- _Given material_:
——

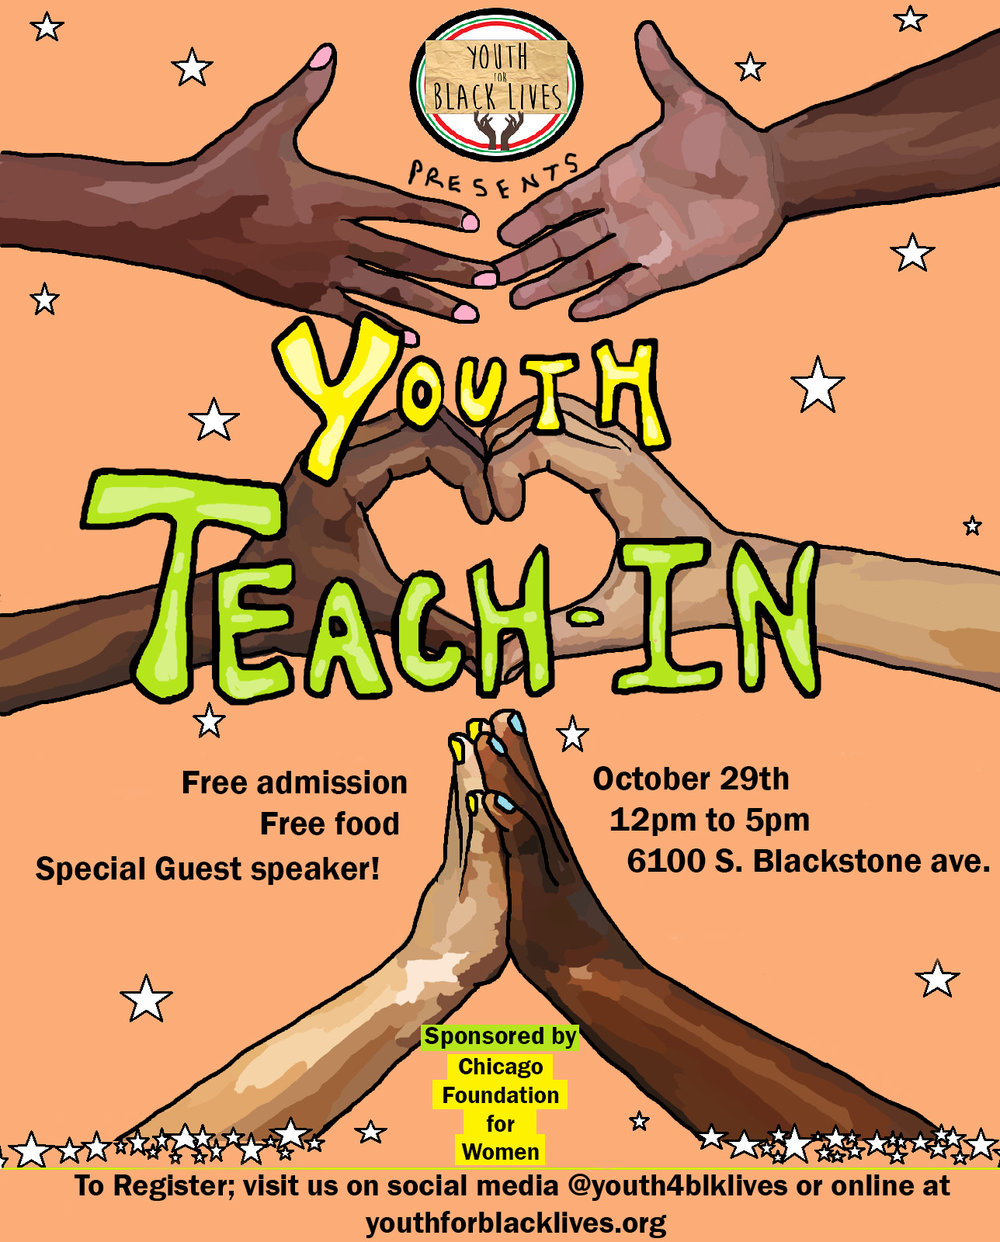 teach in flyer greenyellow.jpg
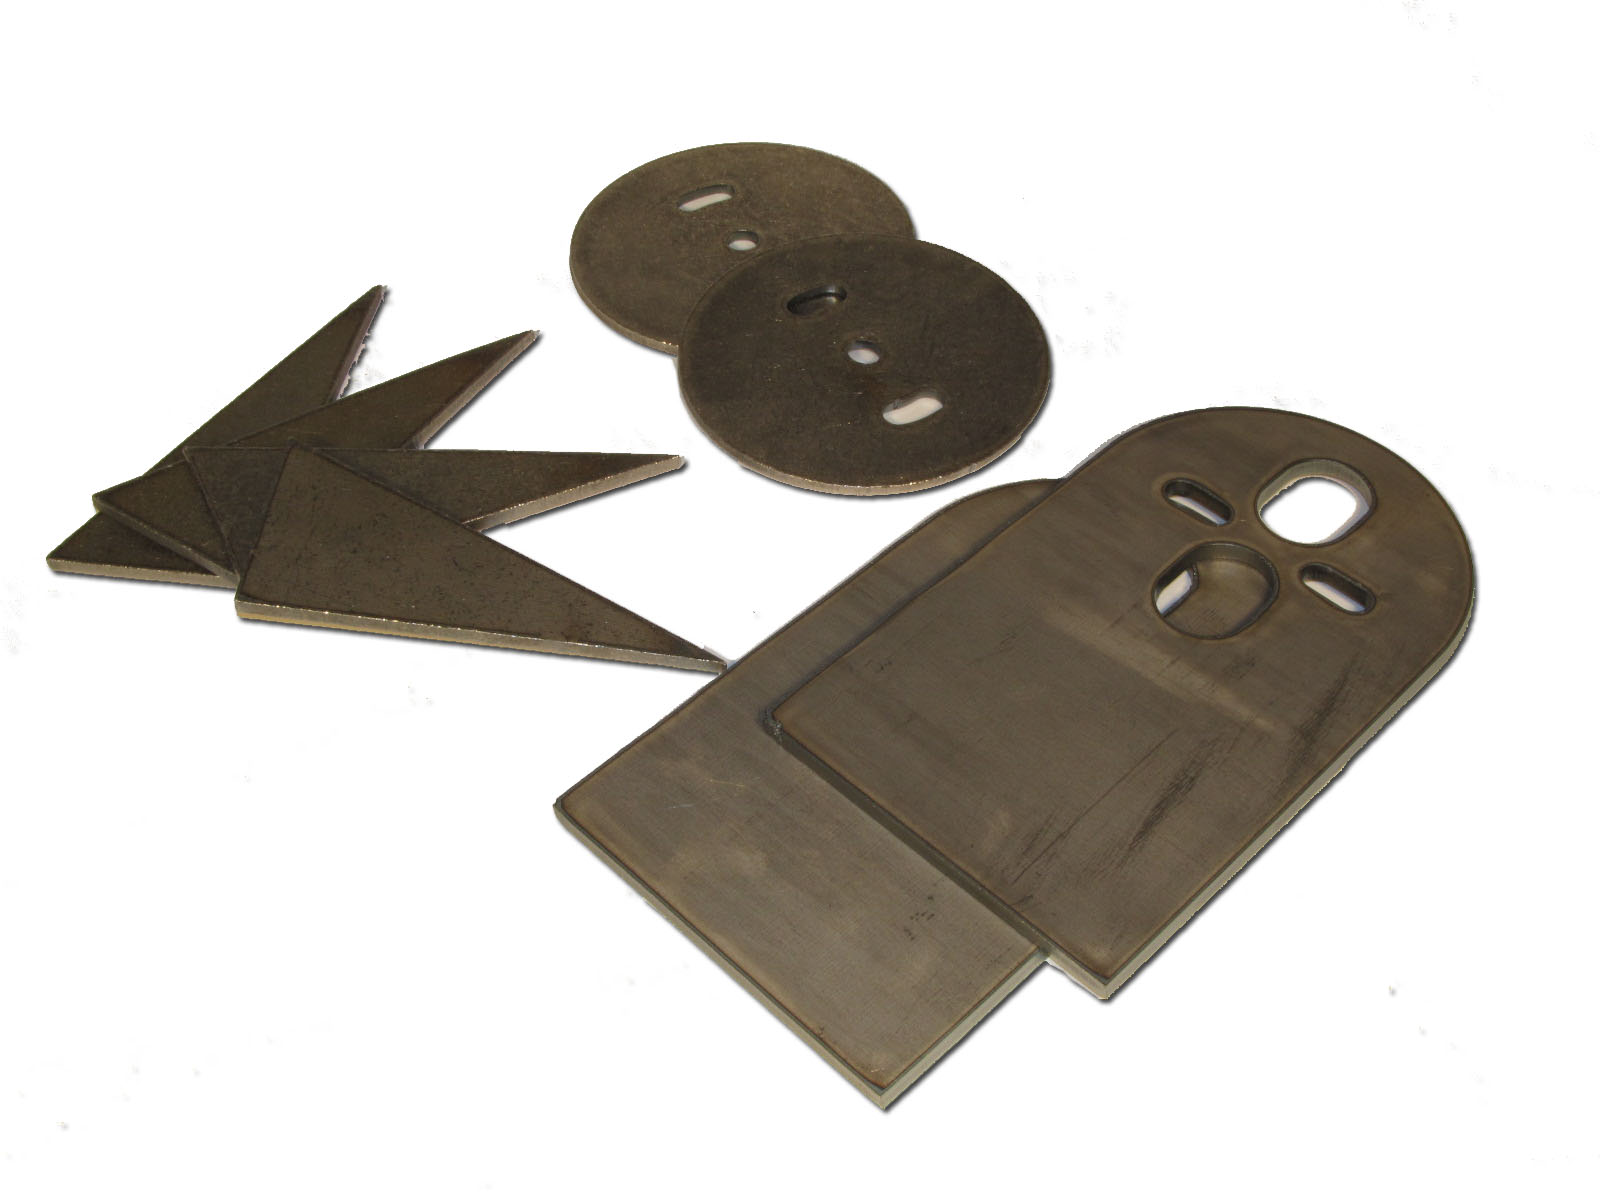 minitruck, mini truck, torsion bar, brackets, air bag brackets, eliminate torsion bar
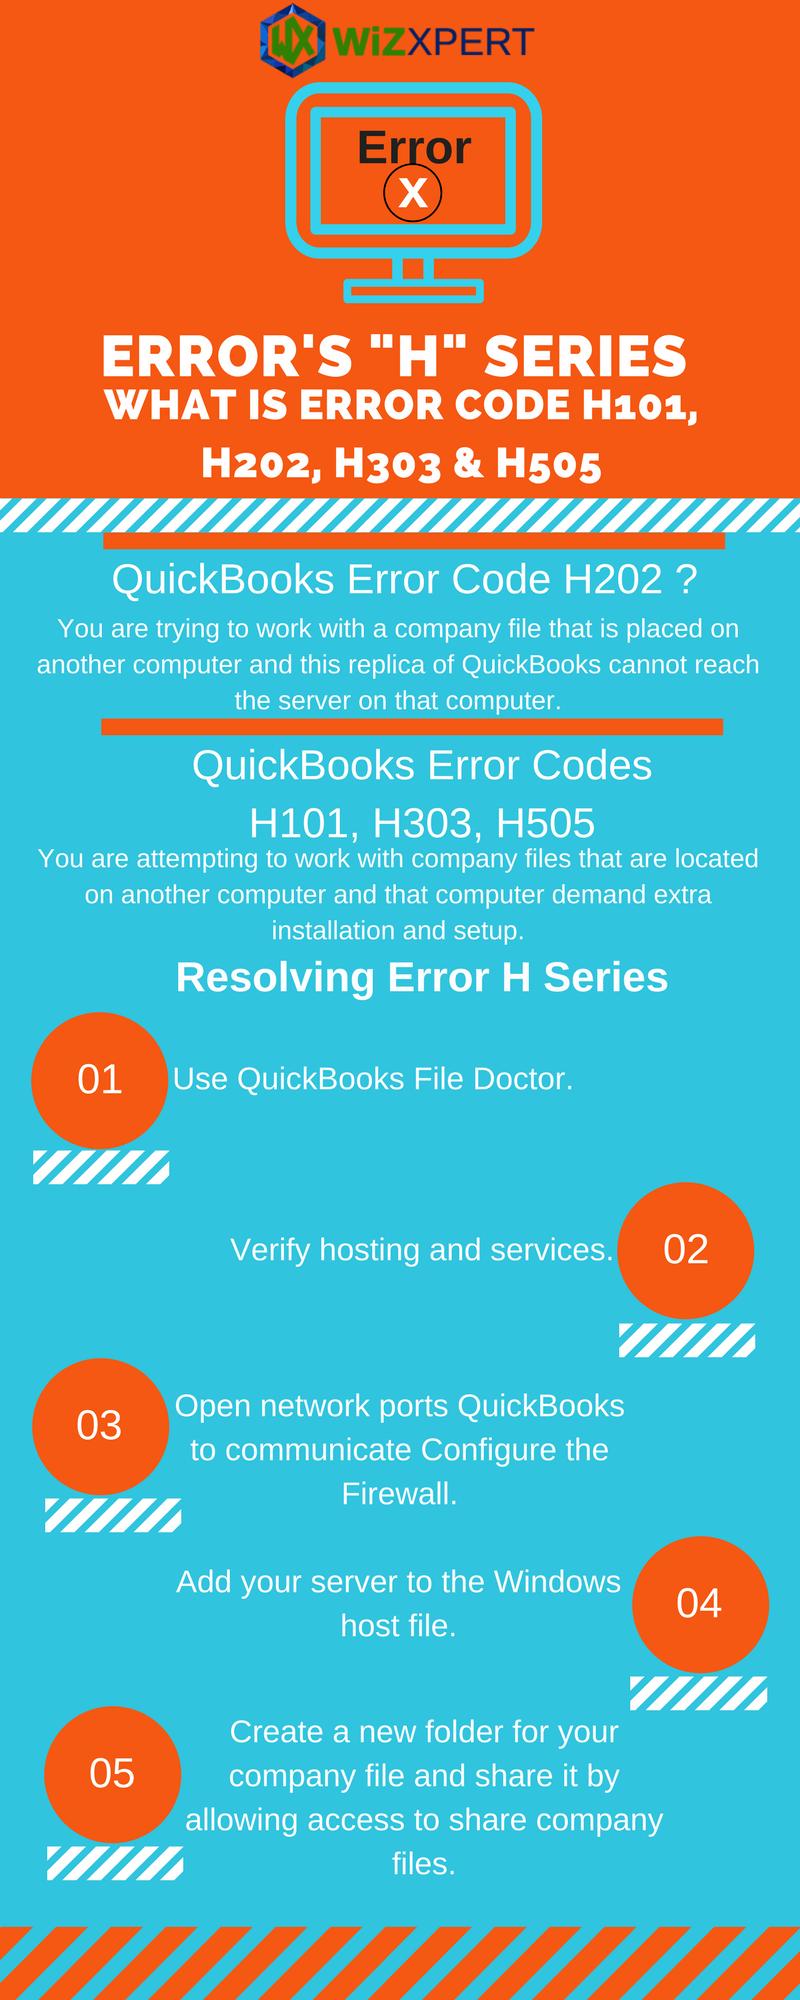 Error H101, H202, H303 H505
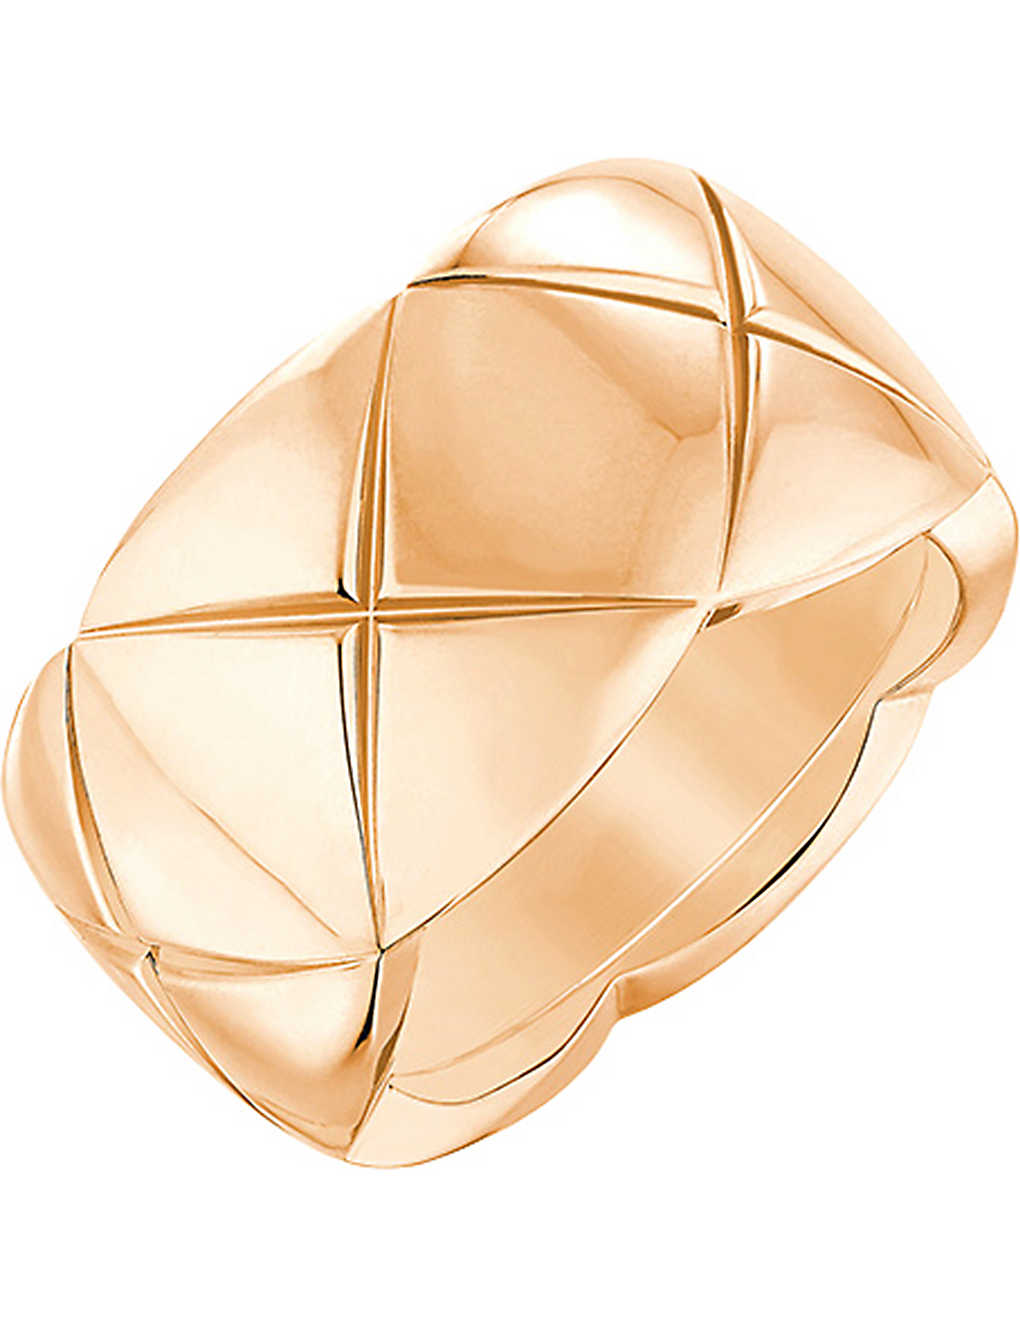 CHANEL - Coco Crush 18K beige gold ring. Medium version  db038697b2079

——

- _Your instructions_: Retype the data above exactly. Leave the pictures out.

- _Written response_:
 teach in flyer greenyellow.jpg
 minitruck, mini truck, torsion bar, brackets, air bag brackets, eliminate torsion bar
 Error H101, H202, H303 H505
 CHANEL - Coco Crush 18K beige gold ring. Medium version  db038697b2079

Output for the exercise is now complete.